An exact copy of the listing is needed, with every line kept.

# MATERIAL PROVIDED
Start of Block

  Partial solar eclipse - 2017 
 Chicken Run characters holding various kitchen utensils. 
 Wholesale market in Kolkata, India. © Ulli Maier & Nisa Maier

End of Block

# ANSWER TO THE PROBLEM
  Partial solar eclipse - 2017 
 Chicken Run characters holding various kitchen utensils. 
 Wholesale market in Kolkata, India. © Ulli Maier & Nisa Maier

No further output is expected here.